Passend zum be quiet! Dark Base [Pro] 900 (inkl. 3x be quiet! Silent Wings 3 140 mm LOW-SPEED PWM [BQ SIW3 14025-LF PWM]) harmoniert der *be quiet! Dark Rock Pro 3* (inkl. 1x be quiet! Silent Wings 3 135 mm MID-SPEED PWM [BQ SIW3 13525-MF PWM] + 1x be quiet! Silent Wings 2 120 mm MID-SPEED PWM [BQT T12025-MF PWM]) prächtig: 
be quiet! Dark Rock Pro 3 Preisvergleich | Geizhals Deutschland 
Wegen der Luftzirkulation zugunsten des Spannungsreglermoduls ist ein Luftkühler meine Empfehlung schlichtweg! 

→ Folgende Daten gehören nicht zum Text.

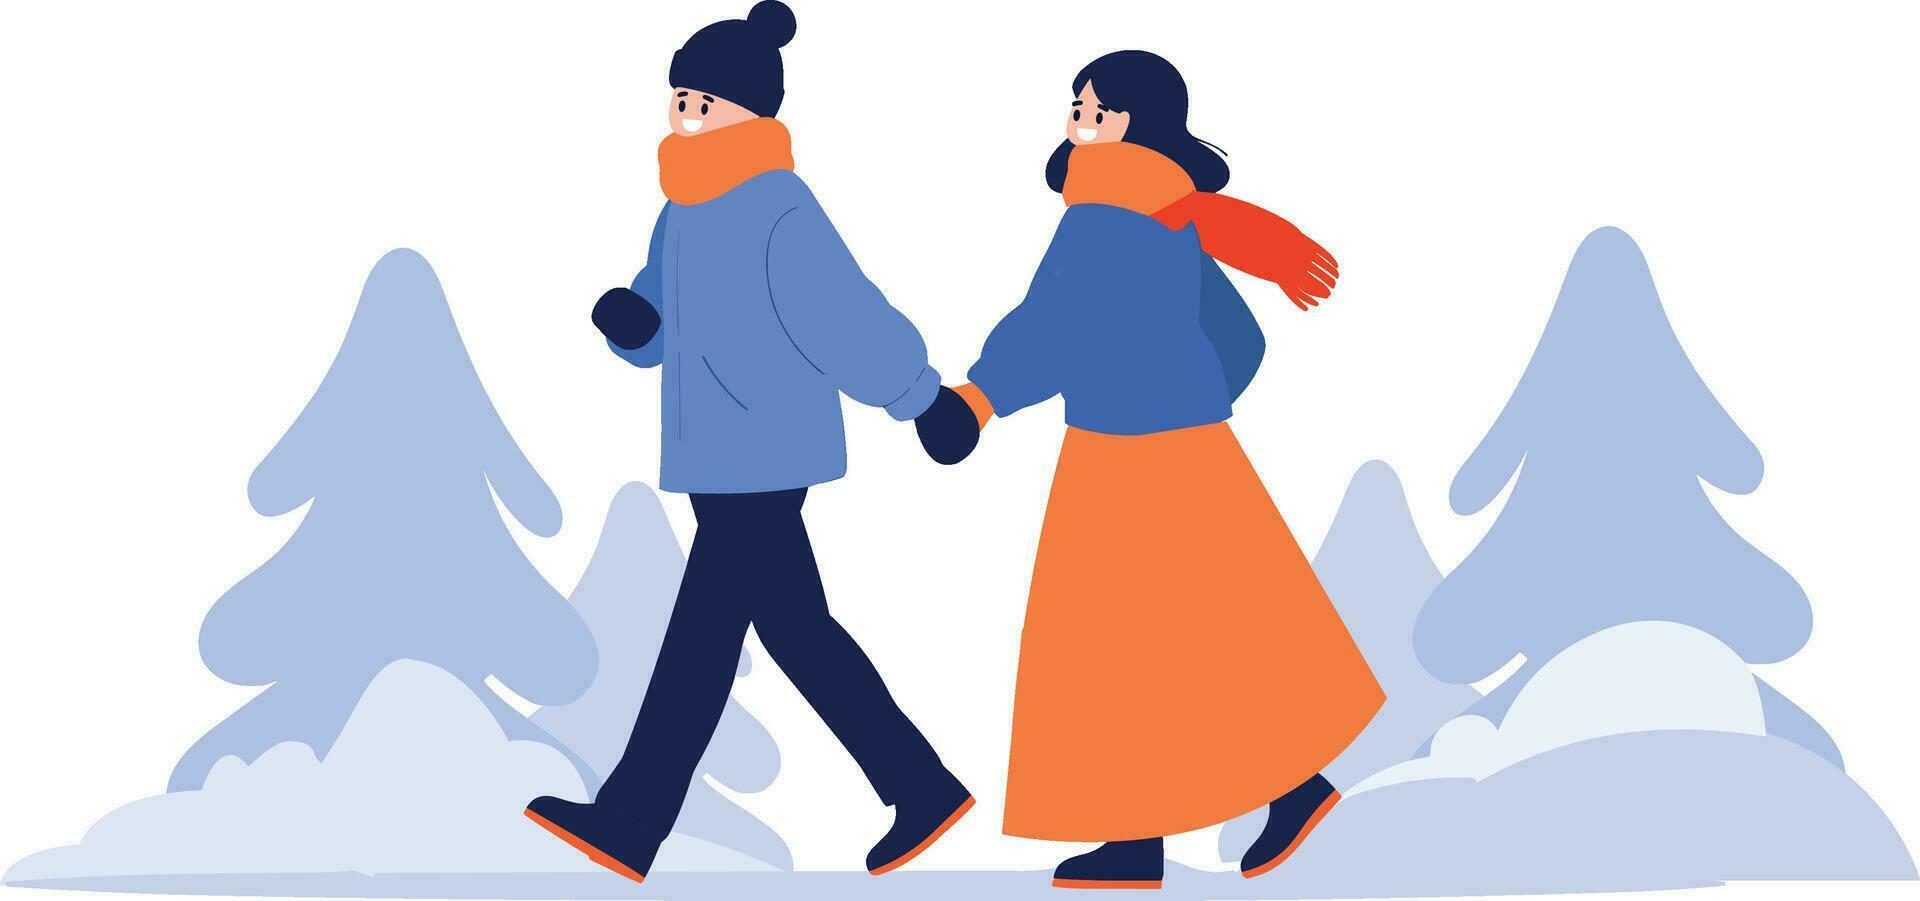 Hand Drawn couple wearing winter clothing walks on a path filled with snow in flat style vector

Insofern eine All-in-One-Wasserkühlung gefragt ist so geht meine Empfehlung an den *be quiet! Silent Loop 280 mm* (inkl. 2x be quiet! Pure Wings 2 140 mm HIGH-SPEED PWM [BQ PUW2-14025-HR-PWM]): 
be quiet! Silent Loop 280mm Preisvergleich | Geizhals Deutschland 
Hättest Du ein paar Wochen früher nachgefragt, so hättest Du ihn von mir in neuwertig, verschweißt als OVP für 100€ erhalten. ^^ 

Die Devise - Markentreue: "Einheitlicher Support, einheitliches Design und Lüfter von einheitlicher, motrischer Charakteristik!"


----------



## tycus (23. September 2017)

*AW: AMD 1800x Kühler*

Wirklich eine AIO?


----------



## Salatsauce45 (23. September 2017)

*AW: AMD 1800x Kühler*

Nein, ist für AM4 rausgeschmissenes Geld.
Da reicht schon ein HR-02 oder die genannten Brocken 3 / Olymp. NH-D15 ist schon wieder overkill.


----------



## tycus (23. September 2017)

*AW: AMD 1800x Kühler*

Olymp oder Brocken 33¿


----------



## Tolotos66 (23. September 2017)

*AW: AMD 1800x Kühler*



tycus schrieb:


> Olymp oder Brocken 33¿



Kannste würfeln   Reichen würde der Brocken 3.
Gruß T.


----------